Sources have told AFR Weekend that the government is set to proceed with the bank deposits insurance levy, first proposed by the former Labor government, to shore up revenue and to act as an alternative to forcing banks to hold extra capital as insurance against collapse.
Tony Abbott has ruled out going after households in the May 12 budget following the negative reaction to measures in the 2014 budget.
The bank tax, as proposed by Labor ahead of the 2013 election, where it lost government, would be a 0.05 per cent levy on every deposit of up to $250,000. It was scheduled to start on January 1, 2016, and budgeted to raise $733 million in its first 18 months of operation.
The federal government is planning a tax on bank deposits at the May budget in a move that will raise about $500 million a year.
The federal government is planning a tax on bank deposits at the May budget in a move that will raise about $500 million a year.
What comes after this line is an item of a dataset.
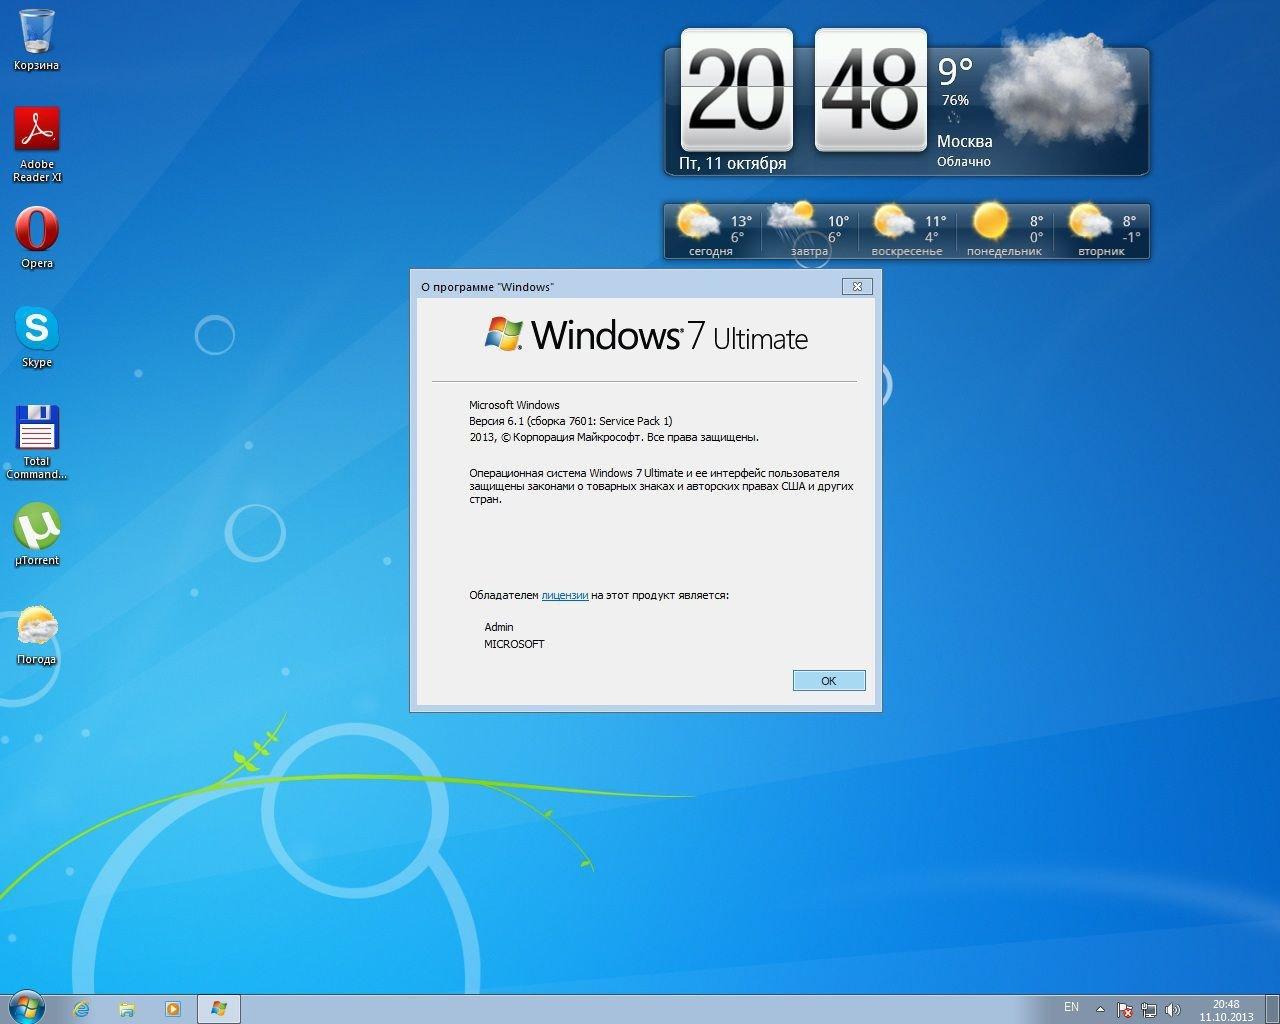 Где скачать оригинальный образ Windows 7  YouTube

James Davies
The money would be put in a Financial Stability Fund and be used to protect depositors against the highly unlikely event of a bank collapse. In the meantime, the fund would also be used to offset gross debt. If the Coalition adopts the same model as Labor and if banks pass the levy on to customers, it would mean a term deposit currently paying 2.6 per cent would pay 2.55 per cent.
The-then Coalition opposition originally criticised the idea, but then adopted it as an election promise, citing the “budget emergency”. Upon winning government, the Coalition referred the proposal to David Murray’s Financial System Inquiry, which recommended against the idea and suggested a different model.
As revealed by The Australian Financial Review on Friday, the banks are gearing up to fight the move.
ANZ chief executive Mike Smith told AFR Weekend that “with deposit rates where they are at the moment, why do you want to hit depositors again?”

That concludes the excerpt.